Ferdinand Porsche designed and built a four-wheel driven Electric vehicle for the k. u. k. Hofwagenfabrik Ludwig Lohner & Co. at Vienna in 1899, presented to the public during the 1900 World Exhibition at Paris. The vehicle was powered by an electric hub motor at each wheel. Although clumsily heavy, the vehicle proved a powerful sprinter and record-breaker in the hands of its owner E.W. Hart. Due to its unusual status the so-called Lohner-Porsche is not widely credited as the first four-wheel driven automobile.

The first four-wheel drive car, as well as hill-climb racer, with internal combustion engine, the Spyker 60 H.P., was presented in 1903 by Dutch brothers Jacobus and Hendrik-Jan Spijker of Amsterdam. The two-seat sports car, which was also the first ever car equipped with a six-cylinder engine, is now an exhibit in the Louwman Collection (the former Nationaal Automobiel Museum) at Raamsdonksveer in The Netherlands.

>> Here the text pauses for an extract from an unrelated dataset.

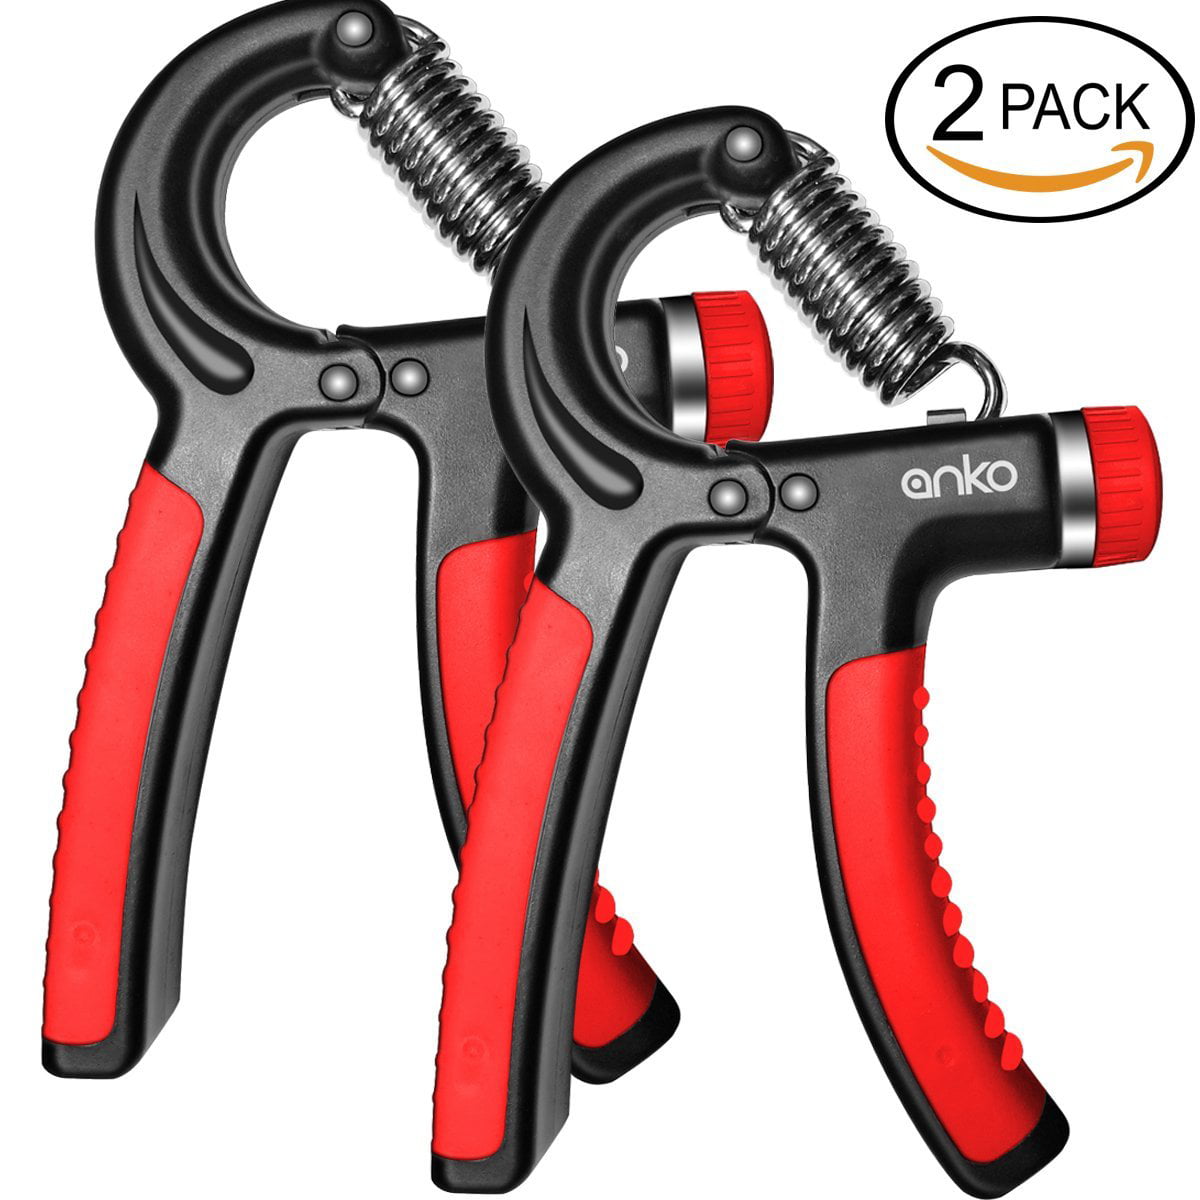 HK Hand Gripper Ball Fingers Exerciser Grip Strengthener Silicone Squee BE_ GT

Designs for four-wheel drive in the U.S., came from the Twyford Company of Brookville, Pennsylvania in 1905, six were made there around 1906; one still exists and is displayed annually.[6] The second U.S. four-wheel drive vehicle was built in 1908 by (what became) the Four Wheel Drive Auto Company (FWD) of Wisconsin (not to be confused with the term "FWD" as an acronym for front-wheel drive). FWD would later produce over 20,000 of its four-wheel drive Model B trucks for the British and American armies during World War I. Thousands of the Jeffery Quad (1913-1919) were similarly used ...

Vleeptron Dude said...

And I gotta brag ... I drove a huge green International Harvester Travelall -- sort of like a station wagon on steroids -- all the way around Mexico, it took us EVERYWHERE and ANYWHERE!

The only problem with it was ... I didn't know at the time the Travelall was Mexico's favorite hearse. In new towns, a serious-looking businessman in a dark suit would try to buy it from me. (You couldn't buy it in Mexico or import it from the USA.)

So I spent months driving all over Mexico in a big green hearse. No wonder people stared at me oddly ...

But man I am telling you that sucker would go ANYWHERE! And gas in Mexico at that time was practically FREE!